Instructions to follow:
When transcribing the entries, keep each one exactly as it is.

Stored data:
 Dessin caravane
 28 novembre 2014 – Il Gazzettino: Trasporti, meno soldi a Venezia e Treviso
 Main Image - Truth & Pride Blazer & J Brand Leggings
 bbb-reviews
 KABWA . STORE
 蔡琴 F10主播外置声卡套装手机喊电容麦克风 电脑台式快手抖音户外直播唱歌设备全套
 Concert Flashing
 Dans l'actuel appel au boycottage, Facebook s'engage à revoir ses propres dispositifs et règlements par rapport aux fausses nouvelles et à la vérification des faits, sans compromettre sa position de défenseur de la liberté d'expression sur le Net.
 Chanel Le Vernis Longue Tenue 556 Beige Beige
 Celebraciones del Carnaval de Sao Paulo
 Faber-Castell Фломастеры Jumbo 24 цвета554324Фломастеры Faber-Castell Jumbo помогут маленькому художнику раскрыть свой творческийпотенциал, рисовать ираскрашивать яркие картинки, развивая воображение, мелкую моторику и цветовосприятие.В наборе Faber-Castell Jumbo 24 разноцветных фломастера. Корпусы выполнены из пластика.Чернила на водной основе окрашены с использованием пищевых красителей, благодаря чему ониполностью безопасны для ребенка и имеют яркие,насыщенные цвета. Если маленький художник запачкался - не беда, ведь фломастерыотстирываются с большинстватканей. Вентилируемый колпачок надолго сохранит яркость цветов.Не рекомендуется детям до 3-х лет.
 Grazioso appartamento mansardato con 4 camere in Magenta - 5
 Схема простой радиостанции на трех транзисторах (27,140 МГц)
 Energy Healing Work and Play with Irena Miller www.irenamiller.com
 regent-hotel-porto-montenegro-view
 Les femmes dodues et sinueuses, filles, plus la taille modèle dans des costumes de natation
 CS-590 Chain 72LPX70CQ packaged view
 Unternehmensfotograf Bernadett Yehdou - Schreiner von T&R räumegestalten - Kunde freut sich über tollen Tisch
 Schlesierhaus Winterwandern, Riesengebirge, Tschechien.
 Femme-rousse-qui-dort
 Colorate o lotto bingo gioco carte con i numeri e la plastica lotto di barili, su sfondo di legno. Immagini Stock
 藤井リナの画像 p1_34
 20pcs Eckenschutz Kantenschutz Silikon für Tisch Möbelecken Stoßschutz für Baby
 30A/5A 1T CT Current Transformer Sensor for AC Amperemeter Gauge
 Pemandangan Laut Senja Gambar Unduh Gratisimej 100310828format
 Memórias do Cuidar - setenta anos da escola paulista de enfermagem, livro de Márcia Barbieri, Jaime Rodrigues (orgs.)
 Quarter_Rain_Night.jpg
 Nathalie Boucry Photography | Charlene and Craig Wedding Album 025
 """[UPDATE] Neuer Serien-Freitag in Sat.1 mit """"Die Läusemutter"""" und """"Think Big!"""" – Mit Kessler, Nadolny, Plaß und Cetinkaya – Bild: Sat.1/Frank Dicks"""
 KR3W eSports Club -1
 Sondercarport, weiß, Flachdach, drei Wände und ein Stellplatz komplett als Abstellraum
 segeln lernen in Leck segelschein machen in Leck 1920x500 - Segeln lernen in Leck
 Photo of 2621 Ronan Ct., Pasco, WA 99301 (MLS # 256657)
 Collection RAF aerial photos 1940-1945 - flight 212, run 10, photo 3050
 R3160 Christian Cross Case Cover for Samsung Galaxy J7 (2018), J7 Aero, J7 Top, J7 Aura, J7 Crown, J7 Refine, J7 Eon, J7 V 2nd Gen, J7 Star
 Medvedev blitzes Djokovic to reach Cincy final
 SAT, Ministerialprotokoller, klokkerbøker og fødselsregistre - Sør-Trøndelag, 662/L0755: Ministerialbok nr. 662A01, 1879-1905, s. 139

Your solution:
 Dessin caravane
 28 novembre 2014 – Il Gazzettino: Trasporti, meno soldi a Venezia e Treviso
 Main Image - Truth & Pride Blazer & J Brand Leggings
 bbb-reviews
 KABWA . STORE
 蔡琴 F10主播外置声卡套装手机喊电容麦克风 电脑台式快手抖音户外直播唱歌设备全套
 Concert Flashing
 Dans l'actuel appel au boycottage, Facebook s'engage à revoir ses propres dispositifs et règlements par rapport aux fausses nouvelles et à la vérification des faits, sans compromettre sa position de défenseur de la liberté d'expression sur le Net.
 Chanel Le Vernis Longue Tenue 556 Beige Beige
 Celebraciones del Carnaval de Sao Paulo
 Faber-Castell Фломастеры Jumbo 24 цвета554324Фломастеры Faber-Castell Jumbo помогут маленькому художнику раскрыть свой творческийпотенциал, рисовать ираскрашивать яркие картинки, развивая воображение, мелкую моторику и цветовосприятие.В наборе Faber-Castell Jumbo 24 разноцветных фломастера. Корпусы выполнены из пластика.Чернила на водной основе окрашены с использованием пищевых красителей, благодаря чему ониполностью безопасны для ребенка и имеют яркие,насыщенные цвета. Если маленький художник запачкался - не беда, ведь фломастерыотстирываются с большинстватканей. Вентилируемый колпачок надолго сохранит яркость цветов.Не рекомендуется детям до 3-х лет.
 Grazioso appartamento mansardato con 4 camere in Magenta - 5
 Схема простой радиостанции на трех транзисторах (27,140 МГц)
 Energy Healing Work and Play with Irena Miller www.irenamiller.com
 regent-hotel-porto-montenegro-view
 Les femmes dodues et sinueuses, filles, plus la taille modèle dans des costumes de natation
 CS-590 Chain 72LPX70CQ packaged view
 Unternehmensfotograf Bernadett Yehdou - Schreiner von T&R räumegestalten - Kunde freut sich über tollen Tisch
 Schlesierhaus Winterwandern, Riesengebirge, Tschechien.
 Femme-rousse-qui-dort
 Colorate o lotto bingo gioco carte con i numeri e la plastica lotto di barili, su sfondo di legno. Immagini Stock
 藤井リナの画像 p1_34
 20pcs Eckenschutz Kantenschutz Silikon für Tisch Möbelecken Stoßschutz für Baby
 30A/5A 1T CT Current Transformer Sensor for AC Amperemeter Gauge
 Pemandangan Laut Senja Gambar Unduh Gratisimej 100310828format
 Memórias do Cuidar - setenta anos da escola paulista de enfermagem, livro de Márcia Barbieri, Jaime Rodrigues (orgs.)
 Quarter_Rain_Night.jpg
 Nathalie Boucry Photography | Charlene and Craig Wedding Album 025
 """[UPDATE] Neuer Serien-Freitag in Sat.1 mit """"Die Läusemutter"""" und """"Think Big!"""" – Mit Kessler, Nadolny, Plaß und Cetinkaya – Bild: Sat.1/Frank Dicks"""
 KR3W eSports Club -1
 Sondercarport, weiß, Flachdach, drei Wände und ein Stellplatz komplett als Abstellraum
 segeln lernen in Leck segelschein machen in Leck 1920x500 - Segeln lernen in Leck
 Photo of 2621 Ronan Ct., Pasco, WA 99301 (MLS # 256657)
 Collection RAF aerial photos 1940-1945 - flight 212, run 10, photo 3050
 R3160 Christian Cross Case Cover for Samsung Galaxy J7 (2018), J7 Aero, J7 Top, J7 Aura, J7 Crown, J7 Refine, J7 Eon, J7 V 2nd Gen, J7 Star
 Medvedev blitzes Djokovic to reach Cincy final
 SAT, Ministerialprotokoller, klokkerbøker og fødselsregistre - Sør-Trøndelag, 662/L0755: Ministerialbok nr. 662A01, 1879-1905, s. 139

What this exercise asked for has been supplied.